If data contains missing values then split_by_NAs is used to divide the data further into sequences of non-missing values, stored in different columns in a matrix. Again, the log-likelihood is constructed as a sum of contributions from different columns.

thresh

A numeric scalar. Extreme value threshold applied to data.

k

A numeric scalar. Run parameter $K$, as defined in Suveges and Davison (2010). Threshold inter-exceedances times that are not larger than k units are assigned to the same cluster, resulting in a $K$-gap equal to zero. Specifically, the $K$-gap $S$ corresponding to an inter-exceedance time of $T$ is given by $S = \max(T - K, 0)$.

n

A numeric scalar. The size of posterior sample required.

inc_cens

A logical scalar indicating whether or not to include contributions from right-censored inter-exceedance times, relating to the first and last observations. It is known that these times are greater than or equal to the time observed. If data has multiple columns then there will be right-censored first and last inter-exceedance times for each column. See also the Details section of kgaps.

alpha, beta

Positive numeric scalars. Parameters of a beta($\alpha$, $\beta$) prior for $\theta$.

param

A character scalar. If param = "logit" (the default) then we simulate from the posterior distribution of $\phi = \log(\theta / (1-\theta))$ and then transform back to the $\theta$-scale. If param = "theta" then we simulate directly from the posterior distribution of $\theta$, unless the sample K-gaps are all equal to zero or all positive, when we revert to param = "logit". This is to avoid sampling directly from a posterior with mode equal to 0 or 1.

use_rcpp

A logical scalar. If TRUE (the default) the rust function ru_rcpp is used for posterior simulation. If FALSE the (slower) function ru is used.

Value

An object (list) of class "evpost", which has the same structure as an object of class "ru" returned from ru. In addition this list contains

call: The call to kgaps().
model: The character scalar "kgaps".
thresh: The argument thresh.
ss: The sufficient statistics for the K-gaps likelihood, as calculated by kgaps_stat.

Details

A beta($\alpha$, $\beta$) prior distribution is used for $\theta$ so that the posterior from which values are simulated is proportional to $$\theta ^ {2 N_1 + \alpha - 1} (1 - \theta) ^ {N_0 + \beta - 1} \exp\{- \theta q (S_0 + \cdots + S_N)\}.$$ See kgaps_stat for a description of the variables involved in the contribution of the likelihood to this expression.

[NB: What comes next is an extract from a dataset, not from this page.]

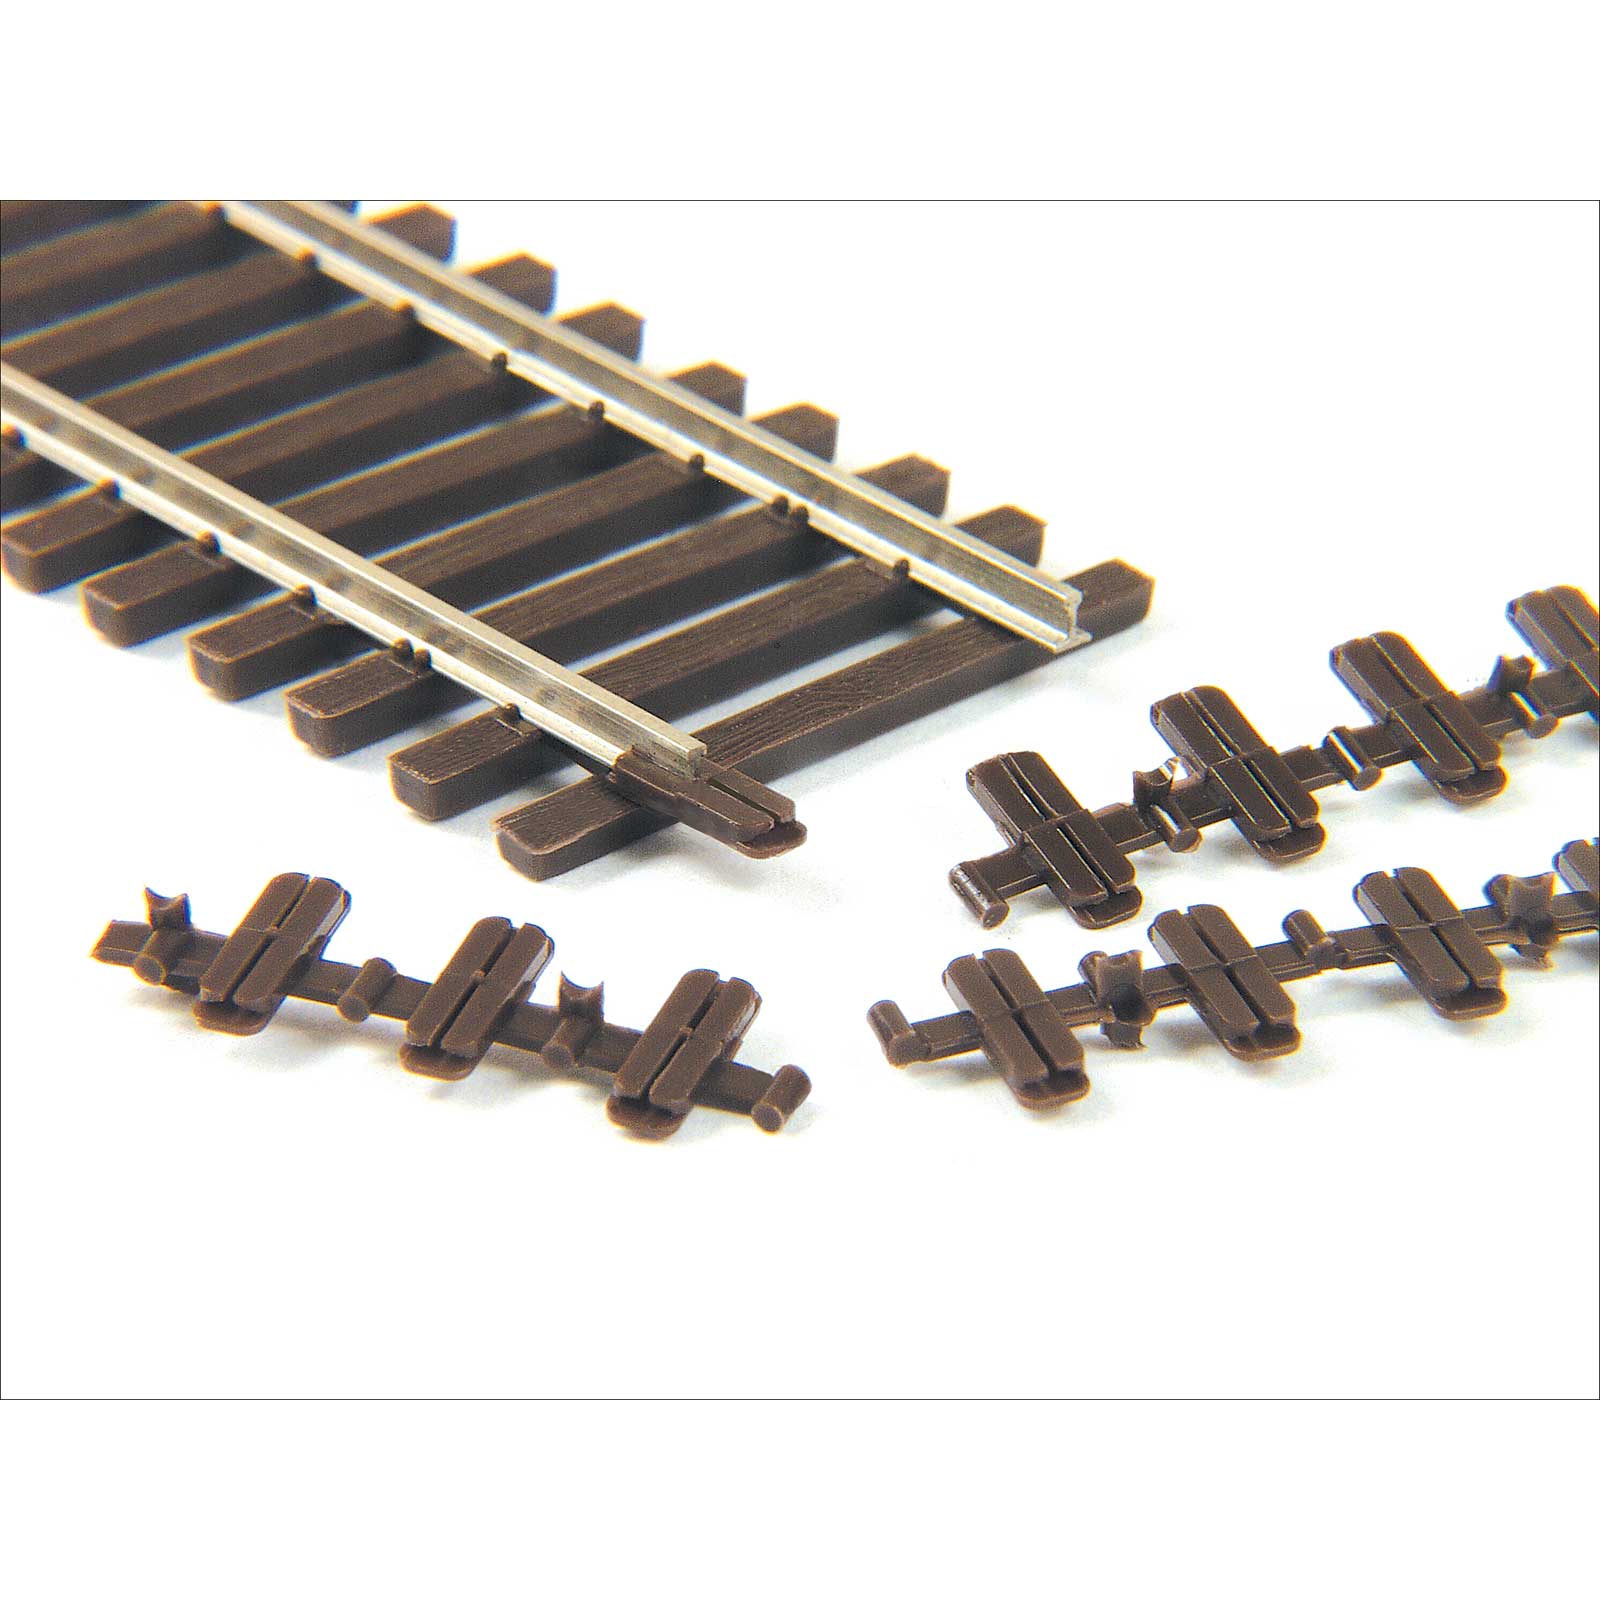 Insulated Rail Joiners for Code 70 Rail, (Pkg of 12) - Micro - Mark Model Train Accessories

The ru function in the rust package simulates from this posterior distribution using the generalised ratio-of-uniforms distribution. To improve the probability of acceptance, and to ensure that the simulation will work even in extreme cases where the posterior density of $\theta$ is unbounded as $\theta$ approaches 0 or 1, we simulate from the posterior distribution of $\phi = \log(\theta / (1-\theta))$ and then transform back to the $\theta$-scale.

References

Suveges, M. and Davison, A. C. (2010) Model misspecification in peaks over threshold analysis, The Annals of Applied Statistics, 4(1), 203-221. doi:10.1214/09-AOAS292

Examples

# Newlyn sea surges

thresh <- quantile(newlyn, probs = 0.90)
k_postsim <- kgaps_post(newlyn, thresh)
plot(k_postsim)


### Cheeseboro wind gusts

k_postsim <- kgaps_post(exdex::cheeseboro, thresh = 45, k = 3)
plot(k_postsim)